Supunham os faraós que o vale seria ideal para abrigar seus corpos. Escondido num local solitário preservaria suas múmias e riquezas por toda a eternidade. Hoje, ironicamente, as tumbas, enterradas no fundo do coração da montanha, são uma das atrações turísticas mais populares do mundo. O Vale dos Reis, parte da antiga cidade de Tebas, foi o local de sepultamento de quase todos os faraós da XVIII, da XIX e da XX dinastias que reinaram, aproximadamente, entre 1550 e 1070 a.C., um período que se convencionou chamar de Império Novo. Durante o auge da riqueza e poderio do Egito antigo, artistas e pedreiros cavaram e decoraram quilômetros de corredores subterrâneos para a vida após a morte de dezenas de reis, suas esposas, filhos e principais ministros. A maioria das câmaras sepulcrais foi saqueada na antiguidade, muitas pelos próprios sucessores de seus proprietários, como também pelos trabalhadores que construíram as tumbas. Após o reinado caótico de Ramsés XI (c. 1100 a 1070 a.C.), os enterros no vale cessaram abruptamente. Após sua morte, a milenar unificação do Estado egípcio se quebrou. O vale, antes constantemente policiado, foi pilhado repetidamente por centenas de anos. Nenhuma tumba conhecida sobreviveu completamente incólume. Até mesmo a tumba de Tutankhamon foi roubada mais de uma vez antes do arqueólogo britânico Howard Carter descobri-la em 1922.

O Vale dos Reis, situado a 643 quilômetros ao sul do Cairo, na margem oeste do Nilo, no lado oposto ao da atual cidade de Karnak, é rodeado por escarpas íngremes formadas por rochas calcárias. Nelas ficavam postados guardas que, tendo uma visão privilegiada do local, o protegiam contra invasores. Os operários que construíram os túmulos viviam numa vila próxima e escondida, Deir-el-Medina, sobre uma das colinas da região. Todos os materiais necessários à construção dos túmulos vinham da capital do país, Tebas, que ficava nas proximidades.

O vale é, na realidade, um grupo de wadis, ou seja, um grupo de gargantas sinuosas e profundas cavadas por um curso de água que secou. São dois braços principais que separam a área nos Vales Oeste e dos Macacos. Existem ainda vários tributários menores. O assim chamado Pico Tebano pode ser visto a sobranceiro dos túmulos. Seu formato de pirâmide talvez tenha sido uma das razões pelas quais os faraós escolheram esse local para suas últimas moradas. A maioria das tumbas reais está no braço leste, escondidas no topo das escarpas ou cavadas, como a tumba de Tutankhamon, no chão do vale.

No século XVIII da nossa era, alguns exploradores e aventureiros descreveram o vale e seus túmulos, mas seus relatórios eram simplesmente observações e não houve tentativas sistemáticas de escavação. No século XIX, Giovanni Battista Belzoni, curiosa figura da egiptologia que houvera sido, inclusive, atração circense por sua força descomunal, descobriu oito tumbas na região.
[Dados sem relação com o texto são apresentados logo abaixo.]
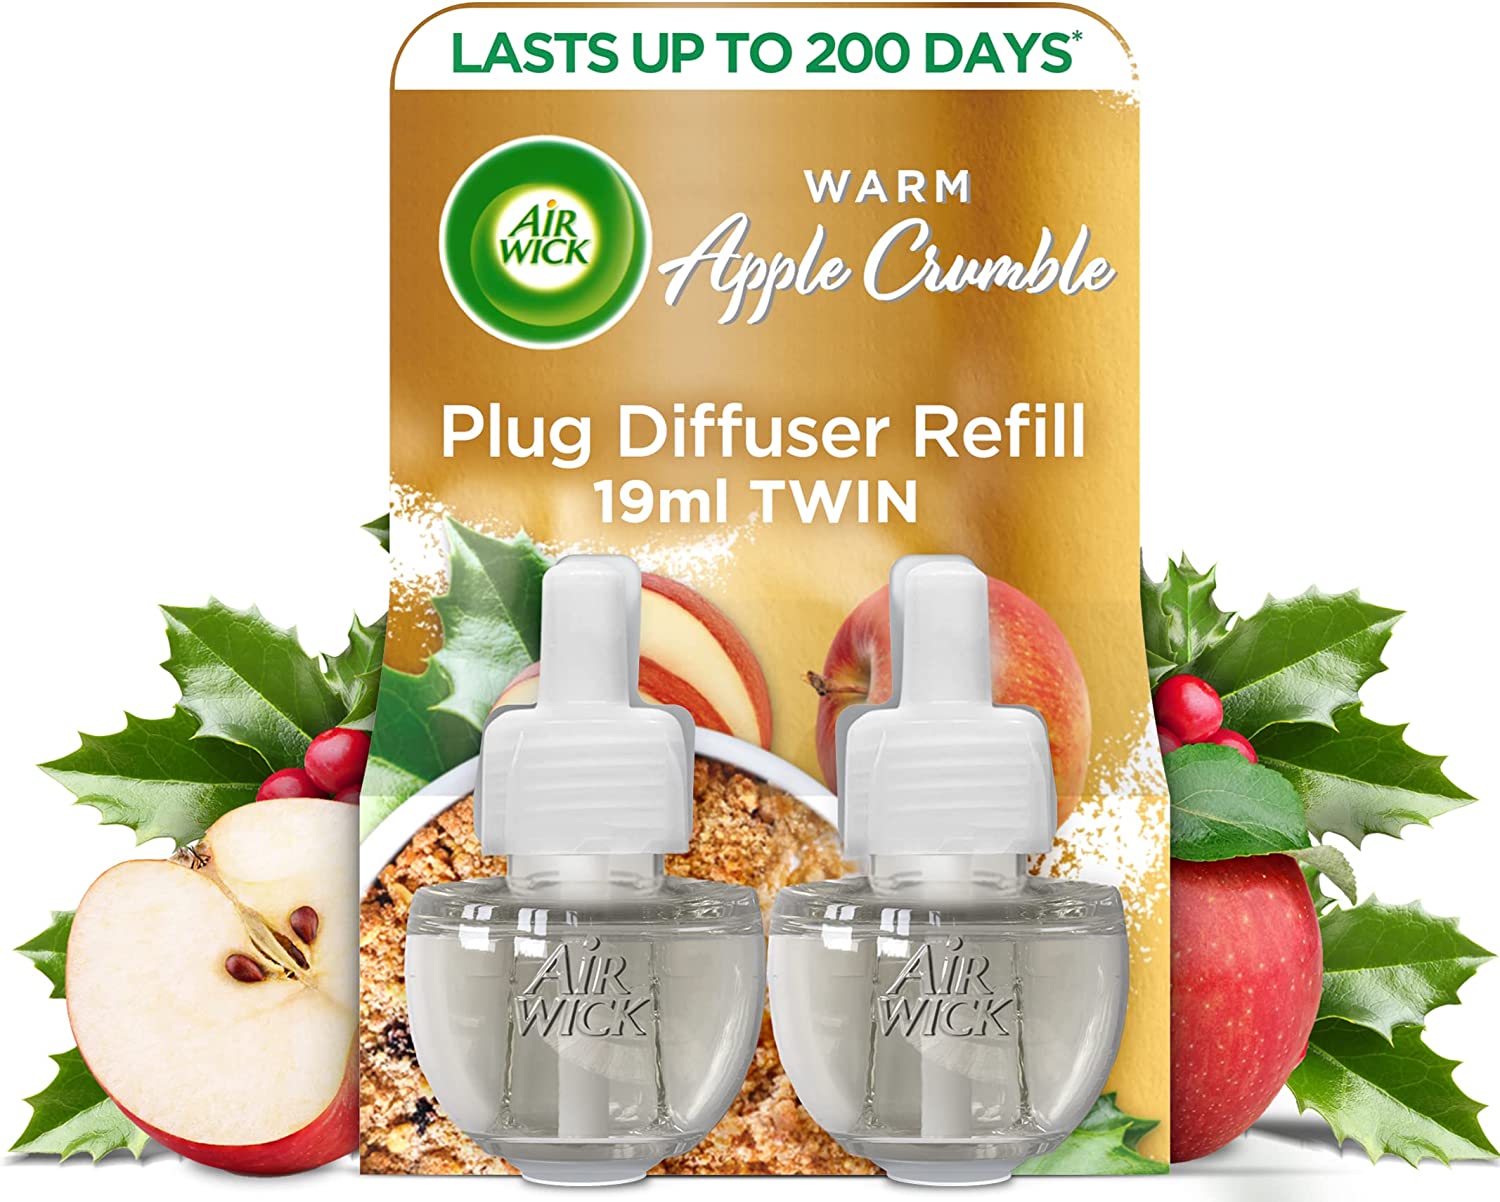 AirWick Plug In Diffuser Air Freshener Twin Refills Warm Apple Crumble RRP £7.25 CLEARANCE XL £5.99

A exploração arqueológica do Vale dos Reis começou seriamente nas primeiras décadas do século XX, quando foram desenterradas mais de 30 tumbas nas escavações financiadas pelo milionário Theodore Davis e das quais participou o jovem Howard Carter.

Quando Davis, em 1912, acreditou que nada mais havia para ser descoberto no local e parou de escavar, ironicamente a dois metros da entrada da tumba de Tutankhamon, Carter prosseguiu. Agora o financiamento vinha de Lord Carnarvon, um homem que tinha dinheiro para queimar e queria fazê-lo escavando no Egito. Depois de anos de procura nos quais acharam importantes objetos do ponto de vista arqueológico, mas não o pomo dourado que esperavam, e estavam prestes a desistir, numa última tentativa finalmente atraíram a atenção mundial com a descoberta da tumba do rei Tutankhamon.